By Caroline Scott-Thomas

- Last updated on GMT

Related tags Household income in the united states

Opportunities are emerging for food manufacturers to target the increasing number of lower income shoppers as the economy slows, according to a report from Information Resources Incorporated (IRI).

The Lower Income II Report: Serving Budget-Constrained Shoppers in a Recessionary Environment​ urges manufacturers to question assumptions about lower earners, saying that the commonly held belief that they spend less and therefore represent less economic opportunity is wrong.

Combining its own panel data with a Census Bureau survey, the report projects an increase in the number of lower income households in the US from 45.6m in 2008, to 52m in a decade. In the same period, it predicts that spending on consumer packaged goods (CPG) for this group will increase from $87.6bn to $105.2bn.

“Lower income households CPG spending growth is outpacing higher income households and this group will generate over $84bn in spending growth over the next decade,” ​the report said.

Consumer dissatisfaction

In addition, it outlines the areas which manufacturers need to address in order to appeal to lower income shoppers. Specifically, it says that consumers are dissatisfied with a narrow assortment of affordable products, a lack of product innovation and development, and ineffective marketing to lower income groups.

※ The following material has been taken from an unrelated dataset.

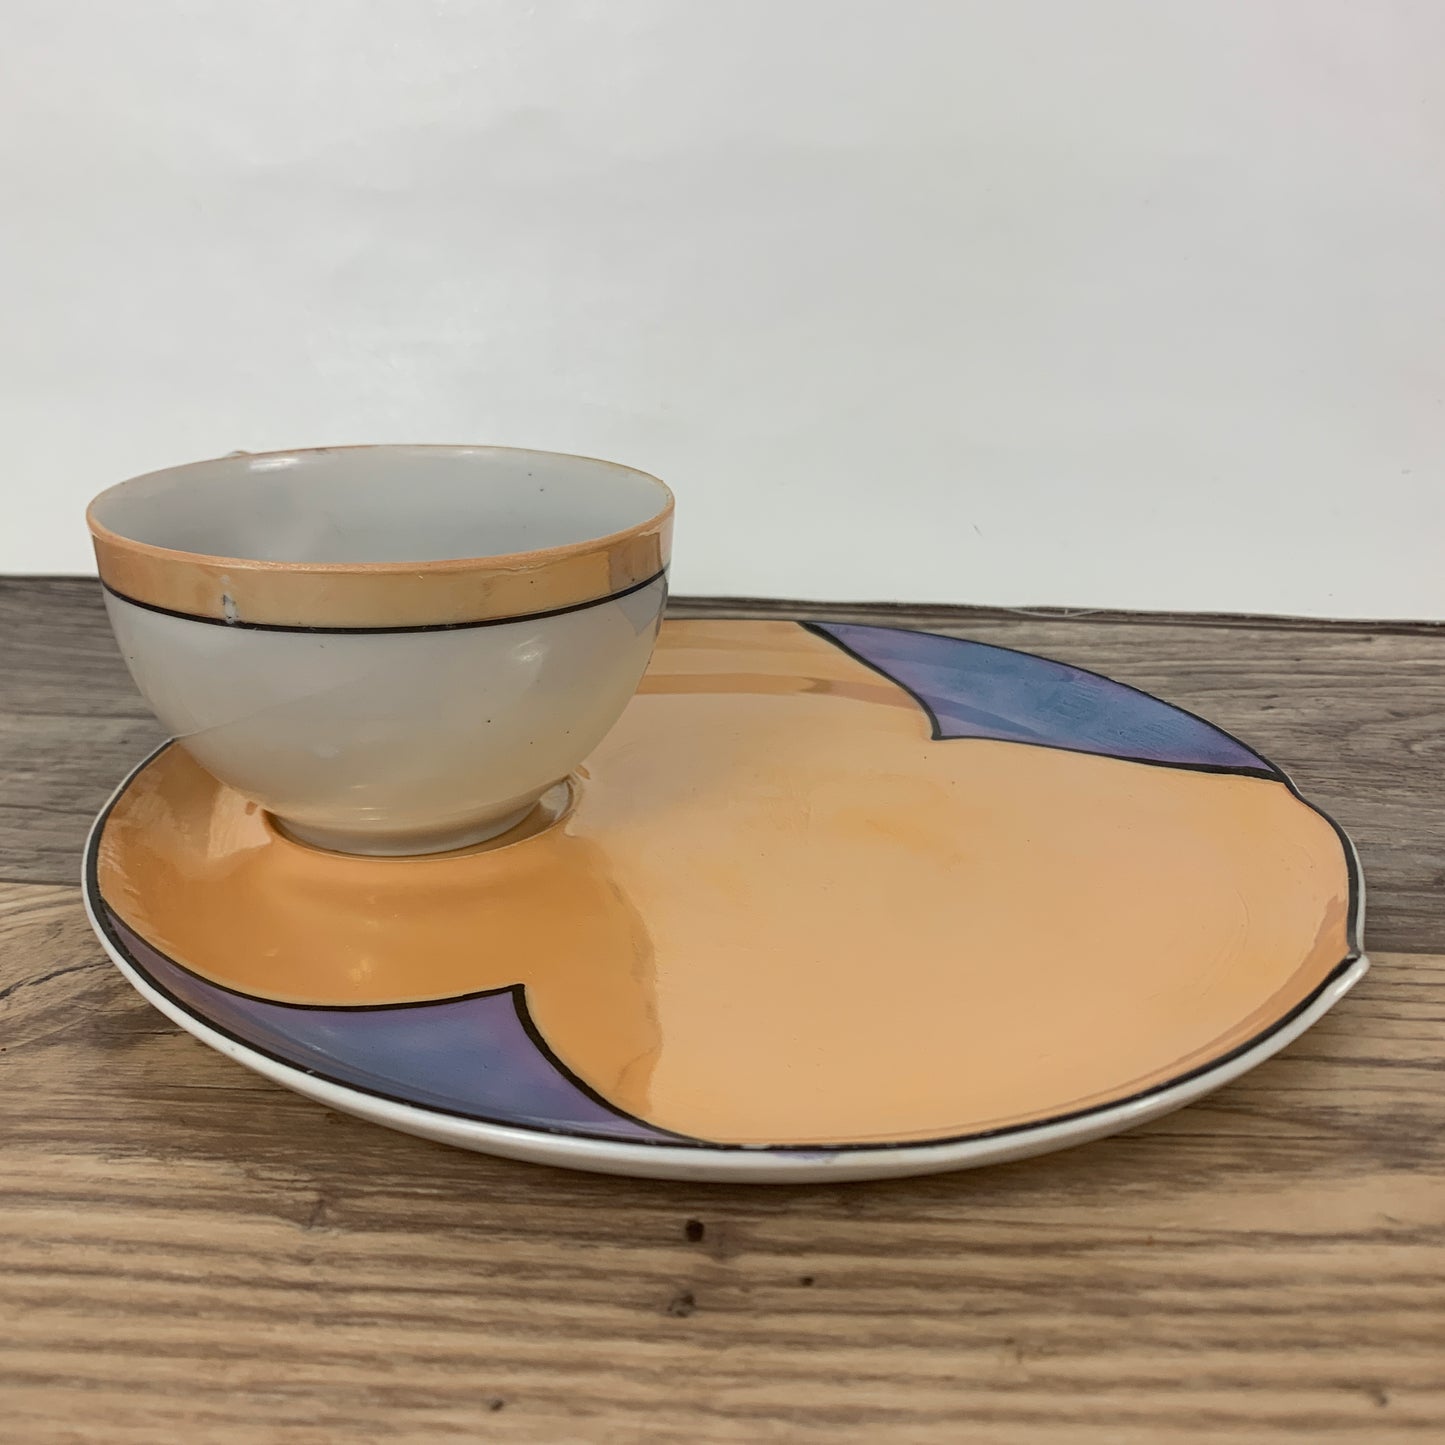 Vintage Japan Luster Ware Tea Cup and Snack Plate

The report said that there is an opportunity for companies to differentiate themselves from their competitors by targeting this group, and urges companies to determine what share of their sales – and how much of their growth performance – is driven by lower income shoppers.

Segmented opportunity

IRI asserts that one of the problems is that manufacturers tend to regard lower income households as one group, when it actually consists of several ‘micro-segments’. Those segments positioned to drive the greatest share of sales growth in the economic downturn include households with children, Hispanics, African-Americans, seniors over 65, and 25 to 34-year-olds, it said.

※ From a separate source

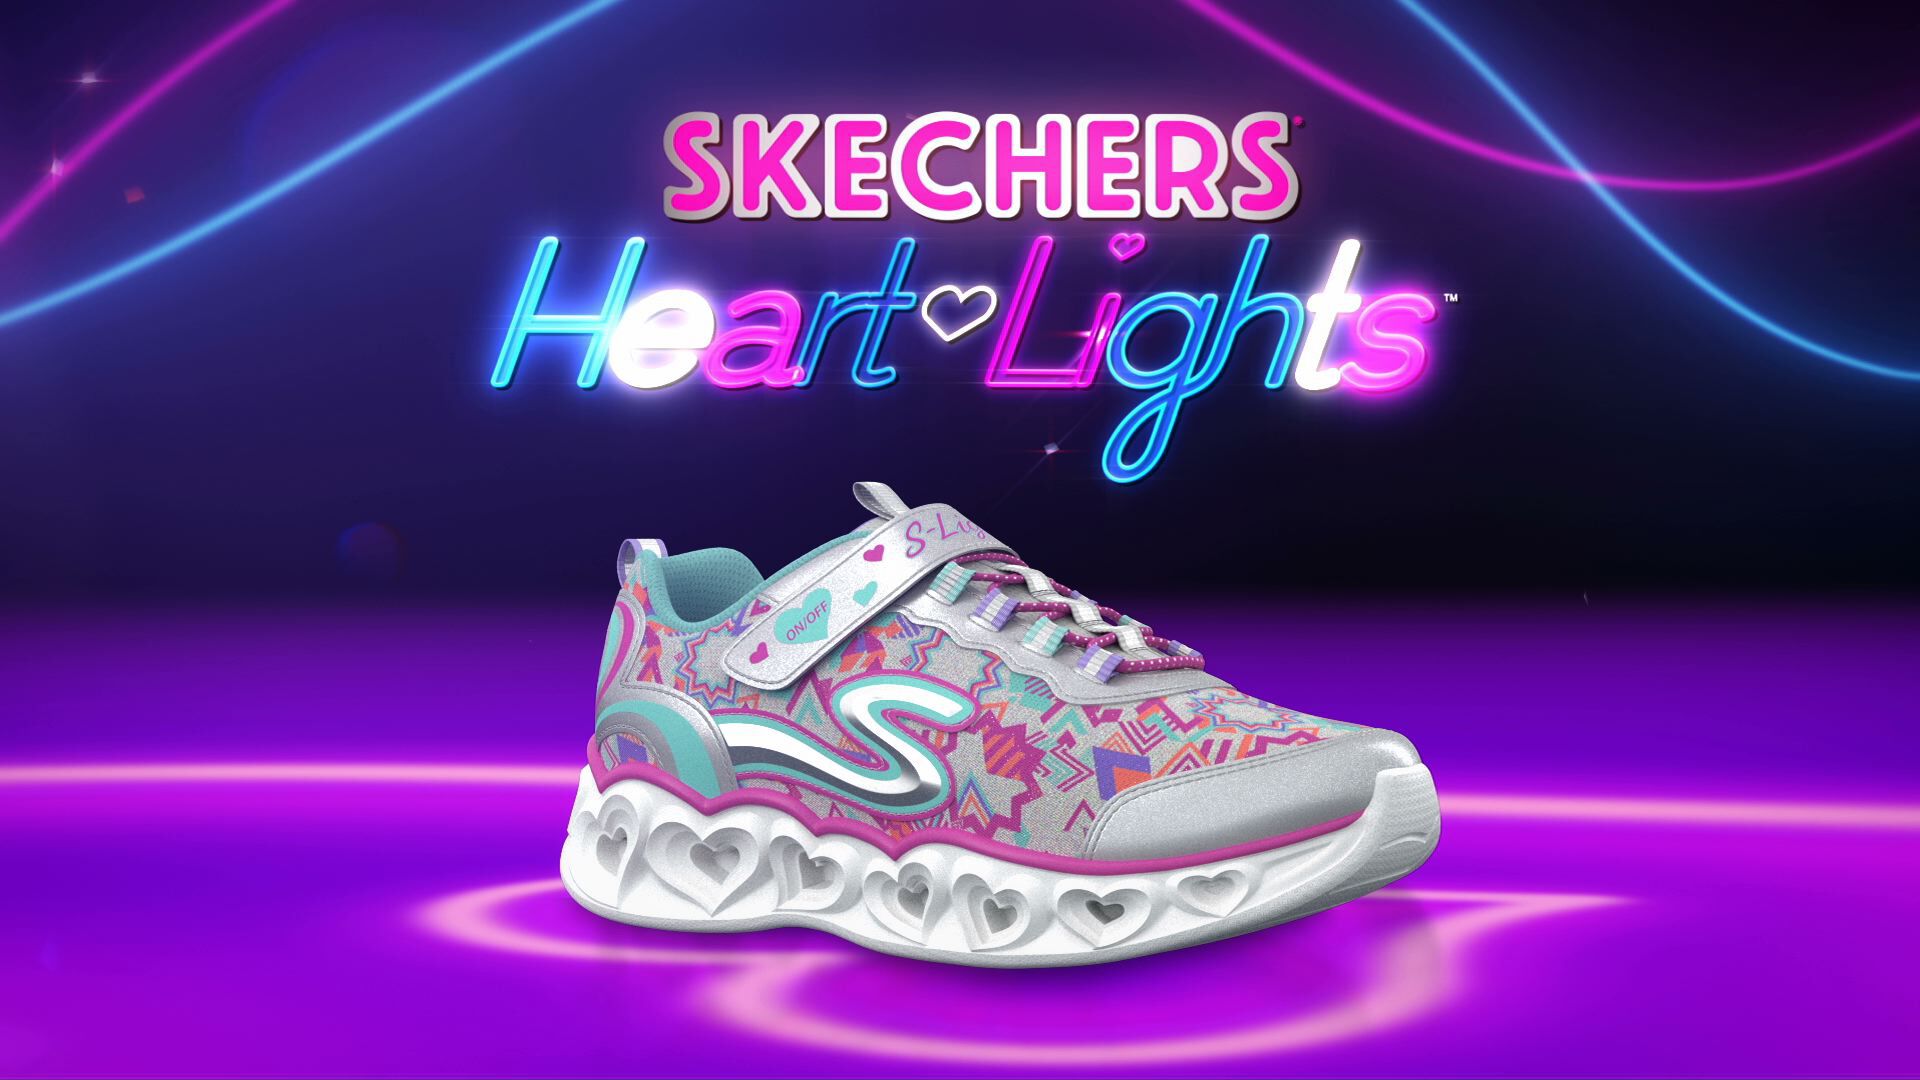 skechers shoes outlet store

“Looking at food and beverages categories, private label shares vary considerably are across micro-segments – illustrating where retailers are doing particularly well in serving lower income shoppers – and where they have untapped opportunities.”

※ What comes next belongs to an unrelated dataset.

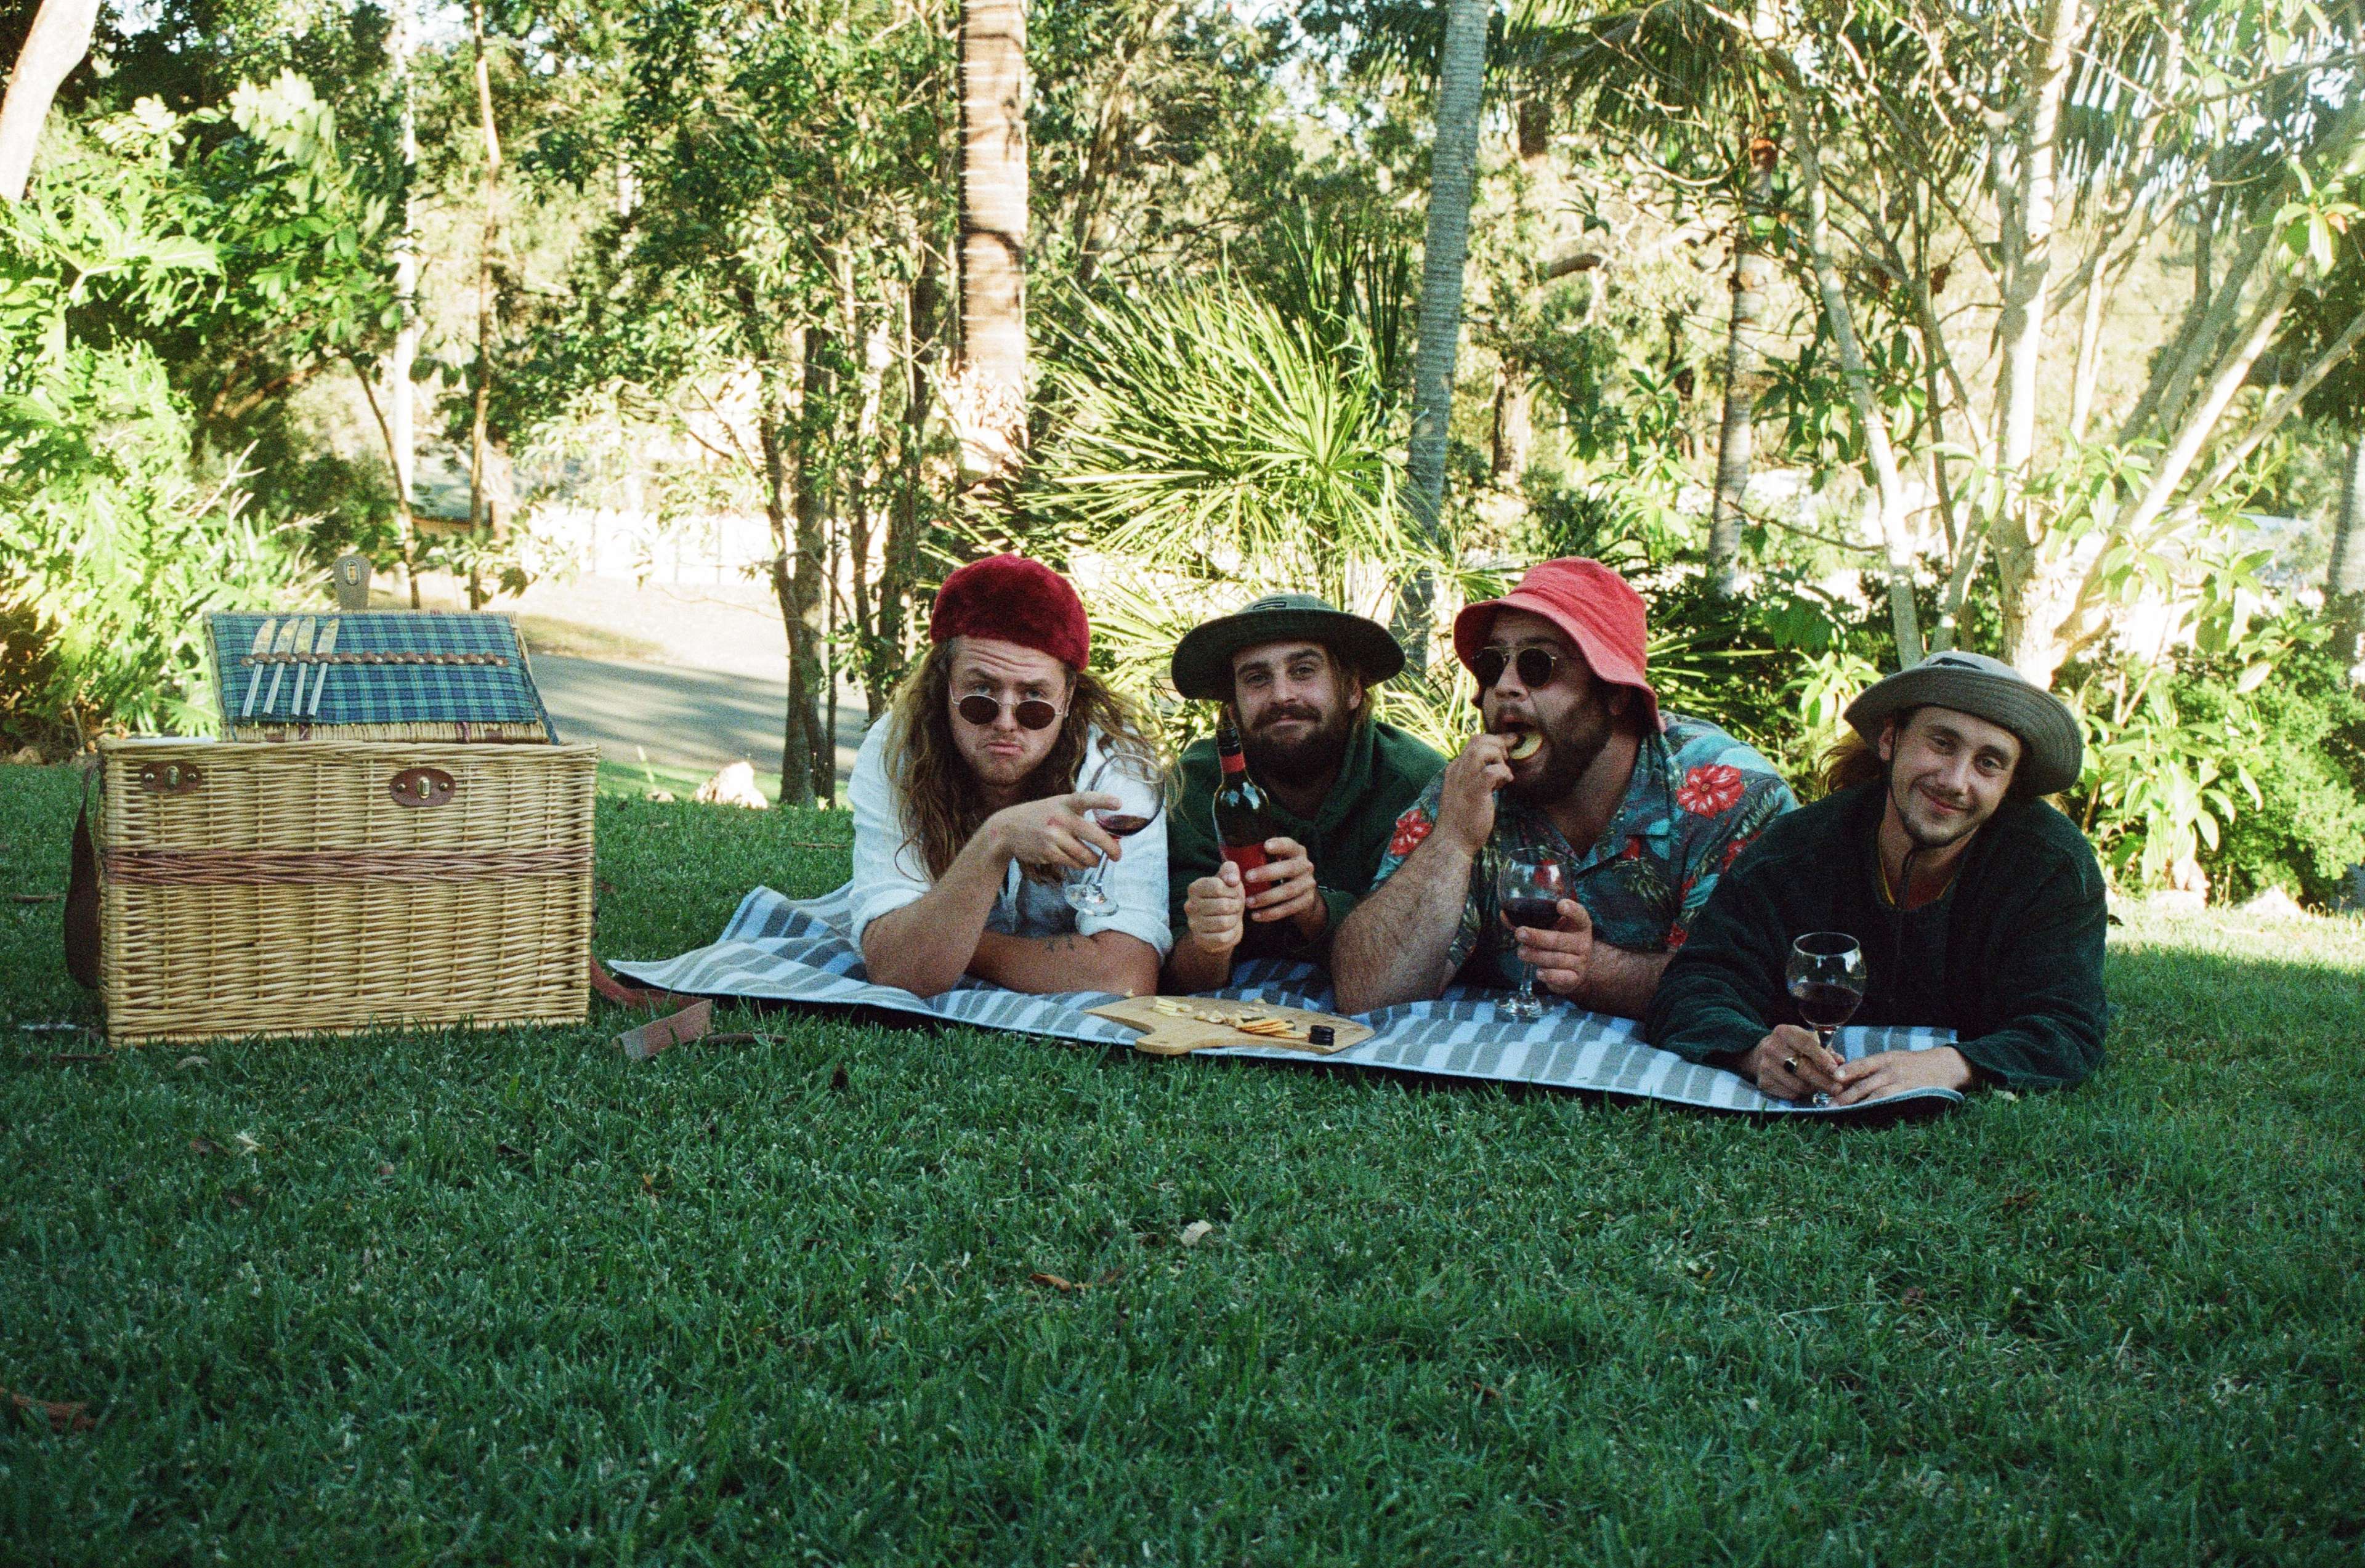 Beddy Rays Added to Triple J + Unearthed's Feature Artist

For example, 36 percent of fresh bread and rolls bought by lower income households with children was private label, compared to 27 percent for over-65s.

Private label growth

Private label growth has been in the spotlight recently, as consumers of all income levels are spending more time in the home and cutting back on more expensive branded products.

IRI’s data shows that there was negative growth in private label products throughout 2007, until the second and third quarters of 2008 when the trend was reversed, being led by those on lower incomes. The third quarter of 2008 saw positive growth for private labels across incomes of 7.6 percent – and 8.2 percent for the lowest earners.

The IRI report defined ‘lower income’ as households earning less than $35,000 per annum.